Tomasi and Kanade present a method for recovering shape and motion under orthography without computing depth as an intermediate result, giving better results for objects that are distant with respect to their size. They do this by constucting a matrix from all the data points and factor it to get a shape matrix and a camera rotation matrix. They go through all the math involved but I was unable to follow it. The concept however seems very simple even if the linear algebra is complicated. The examples seem to work well and the technique seems very general. One potential problem is the reliance on trackable points within the image...
The most surprising aspect of this method is the reported robustness of this algorithm. If it can deal with 'degenerate image streams' and sparse data then the algorithm is indeed very good. However, the outdoor experiment shows that the feature tracking algorithm will strongly affect the success of the algorithm. Nevertheless, the results in this case are still significant.
The primary limitation to this method, as reported by the authors, is that the camera motion with respect to the optical axis cannot be recovered and must remain small over the whole of the stream. Their method relies on the ability of the feature tracking algorithm which introduces another important limitation. This is not a lack of the paper, but I would have liked to read the references reported in the paper concerning this algorithm. The authors also mention an algorithm that automatically chooses the number of feature points to track. This type of automation is extremely important to the advancement of machine vision.
I had a few questions that were unanswered in the paper. One, what are the limits of the frame rate as they affect the tracking? Is this method only viable with a frame rate of 30 images/second (the video rate?)? Is there some lower bound to the frame rate vs. feature movement? This is a characteristic more of the tracking algorithm than of the Factorization algorithm.
In summary, the Factorization algorithm appears to produce extremely good results with relatively simple calculations. It appears to be robust in many environments. The use of the redundant information of the image stream is especially appealing. As the authors noted, further experimentation should go on with objects that have more occlusions.

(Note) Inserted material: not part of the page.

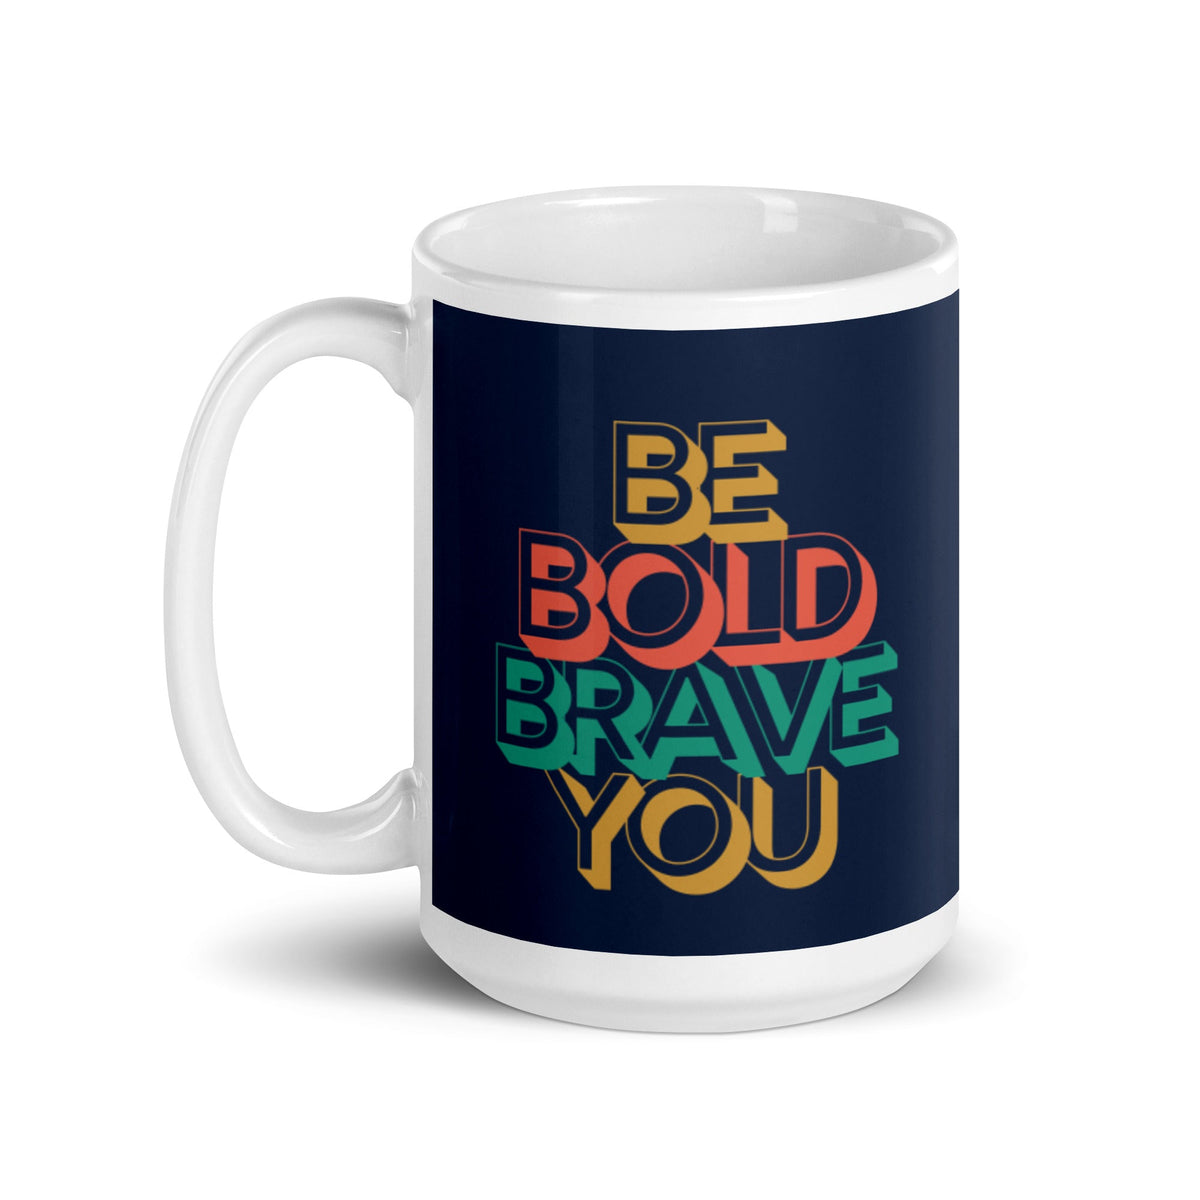 BE BOLD BRAVE YOU - Inspirational 15oz Mug - 1

This paper talks about a process of detecting both motion and shape of an object by tracking them through a sequence of images. The Factorization Method, as it is called, can detect both shape and motion under orthography. That is it can recover the shape and motion from a sequence of images where the projecting lines are perpendicular to the plane of projection. Given this constraint one can track the P desired points through the F frames to recover the two R (rotation) and S (shape) matrixes that are desired.
The method uses the differences in the points that are being track through the F frames to obtain trajectories of the points. This allows for the calculation of motion through the frames. To do this one makes a measurement matrix out of the trajectory coordinates. Then by subtracting from each entry the mean of the entries in the same row one gets a registered measurement matrix, call it Wr. This matrix Wr holds all the information about shape and motion that is needed. Wr = RS where R and S are as defined above. The reason that one can estimate the shape and rotation when there are occlusions is that even if we have and approximate registered measurement matrix, call it Ar. This would give us AR and AS corresponding to the approximate R and The approximate S matrices. It is shown in the paper that AR is a linear transformation of the true R and like wise with AS and S. Therefore it is possible to obtain R and S from AR and AS.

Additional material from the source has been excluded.